The rate of heart attack increased with duration of
infection, from 0.43 per 1000 person-years in people infected for five years or
less, to 0.86 per 1000 person-years in those infected for five to ten years,
1.06 per 1000 person-years in those infected for ten to fifteen years and 2.65
per 1000 person years of follow-up in those infected for more than 15
years.
To put these figures into everyday terms, in a clinic with
1000 patients who had all been living with HIV for at least 15 years, two
to three patients could be expected to have a heart attack each year. This rate
is in fact fairly low in comparison with some other studies of heart attack
risk, and Alexandra Lyons said that it was possible that heart attacks had been
under-reported.
The analysis also found that people with current CD4 counts
below 100 had a much greater rate of heart attack (4.52 per 1000 person-years)
compared to those with higher CD4 cell counts.

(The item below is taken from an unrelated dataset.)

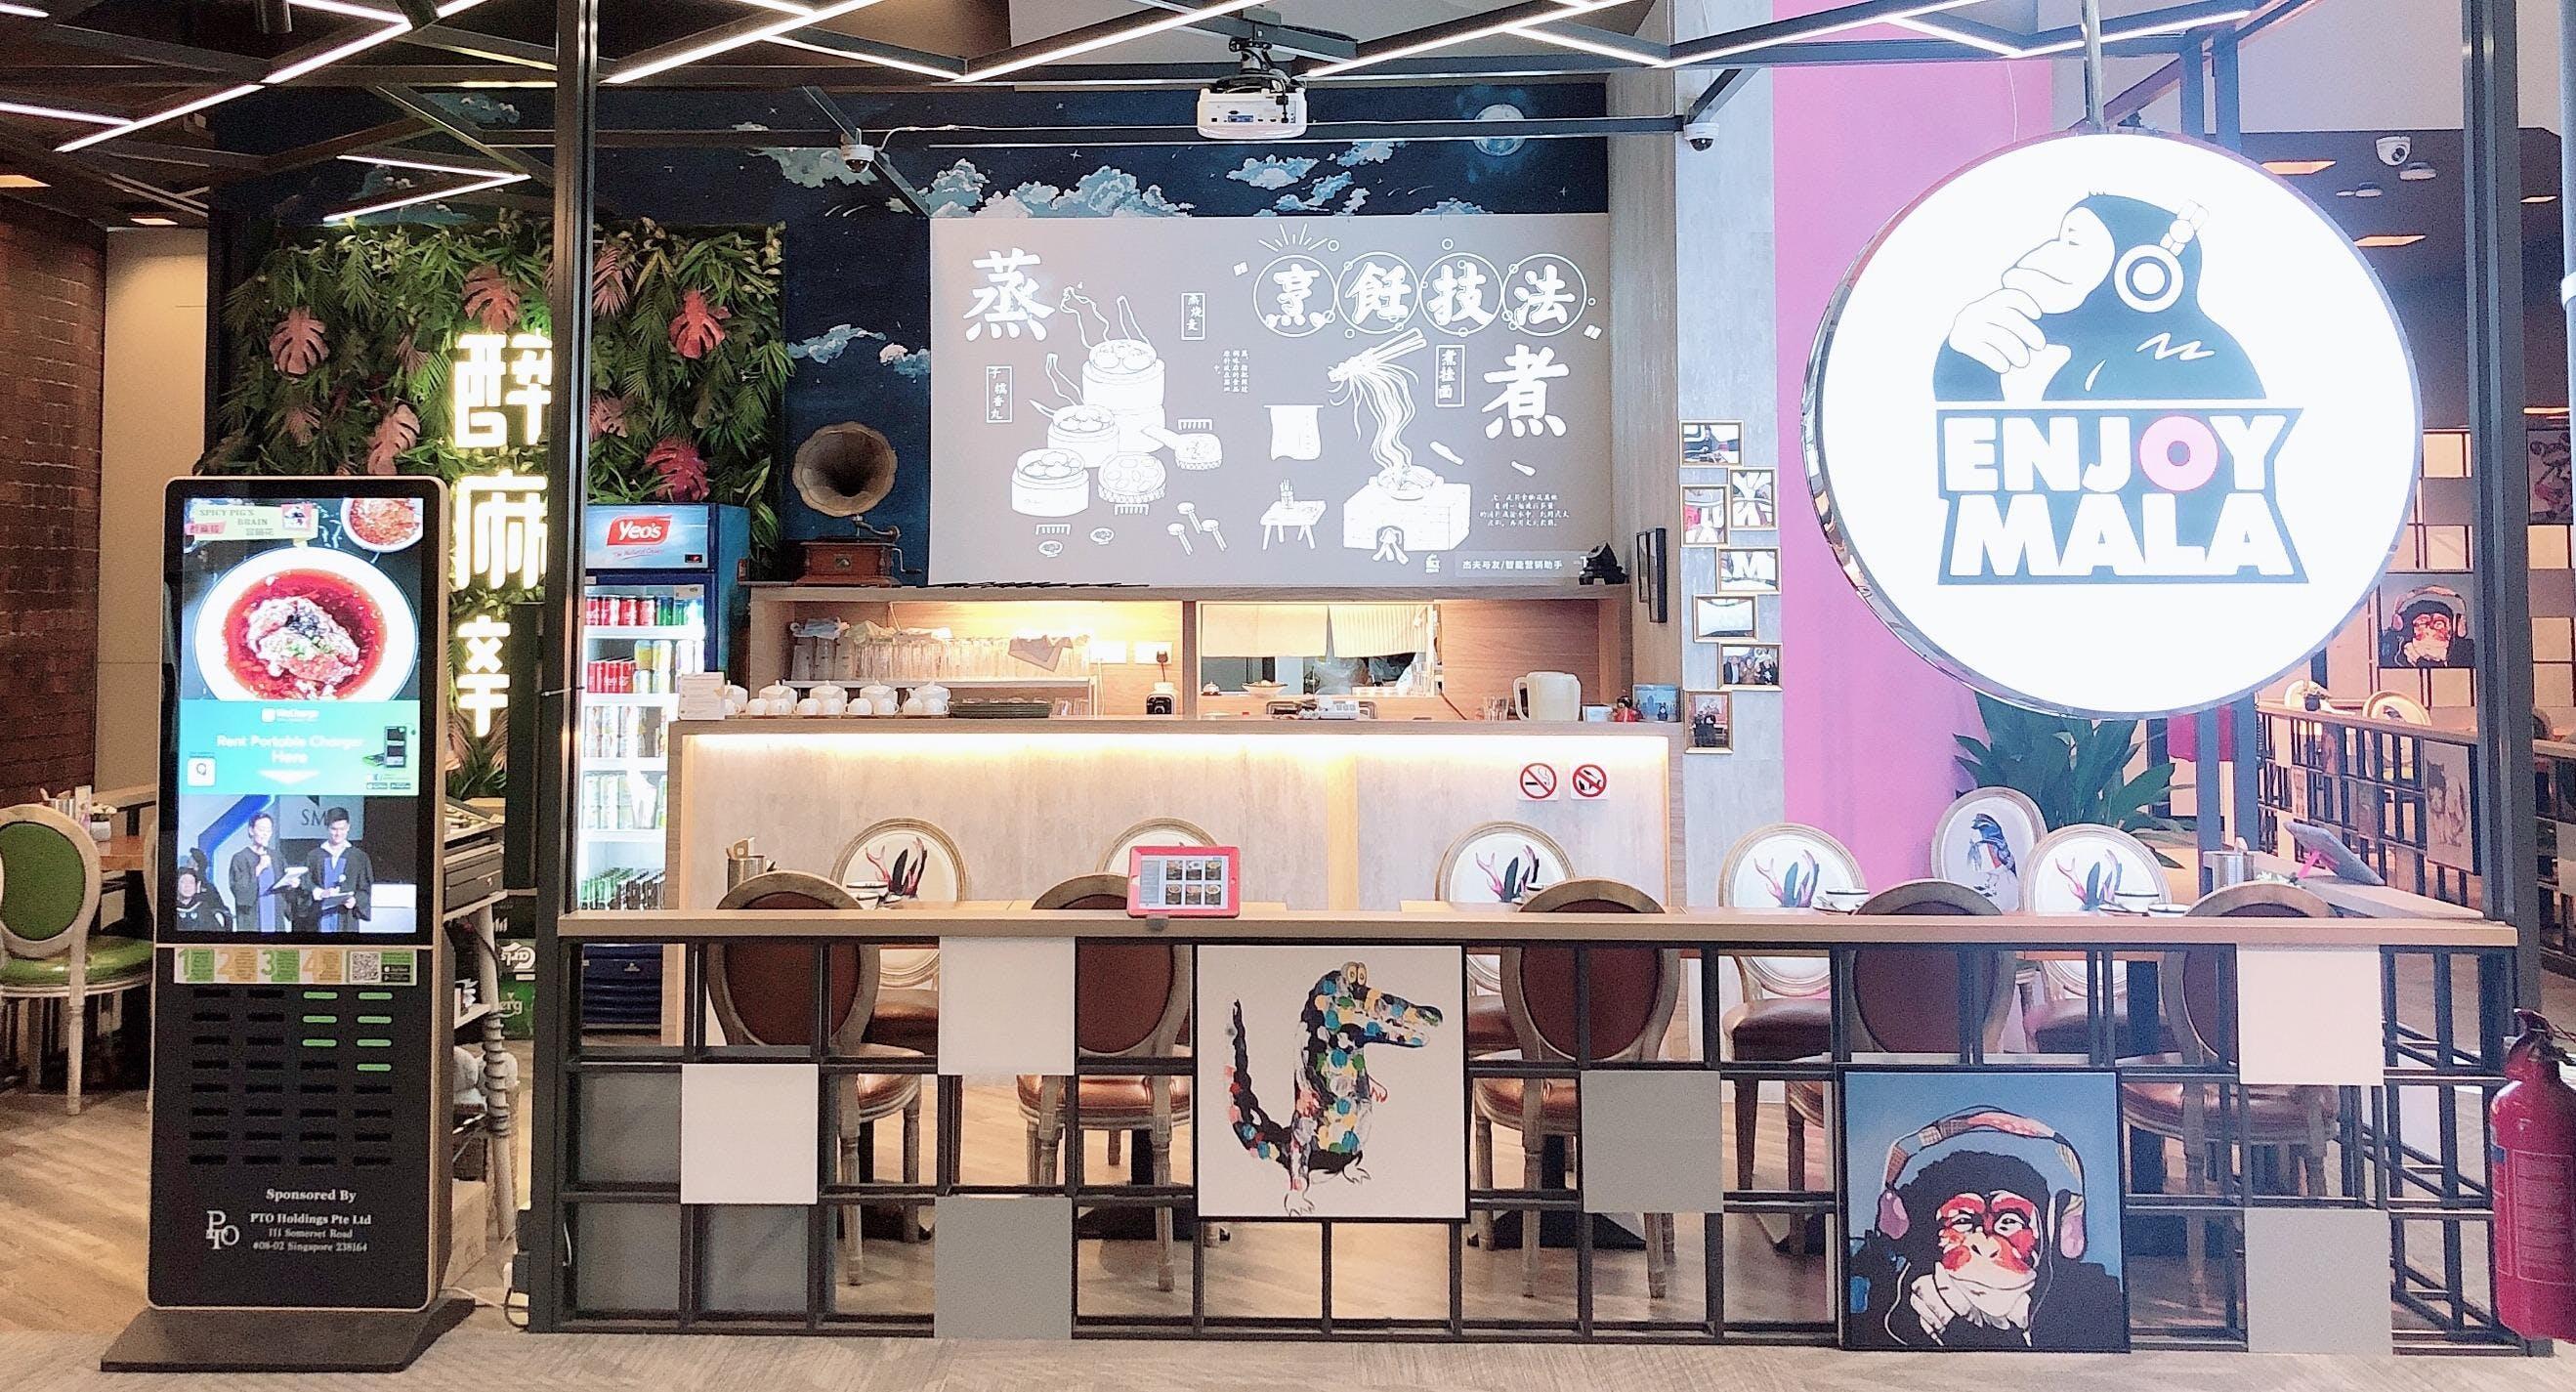 Enjoy Mala 醉麻辣 Singapore image 2

Multivariable analysis showed that after adjusting for age,
antiretroviral treatment exposure and current and nadir CD4 cell count, each
ten years of HIV infection had a similar impact to ten years of ageing on heart
attack risk. In other words, a person living with HIV aged 40, infected with
HIV for ten years, might have a similar risk of heart attack to a person
without HIV aged 50.
She concluded that guidelines for cardiovascular risk
management in people living with HIV may need to consider duration of HIV
infection as an independent risk factor, and that particular emphasis needs to
be placed on addressing risk factors like diet, smoking and exercise in people
who have been infected with HIV for a long time, regardless of their age.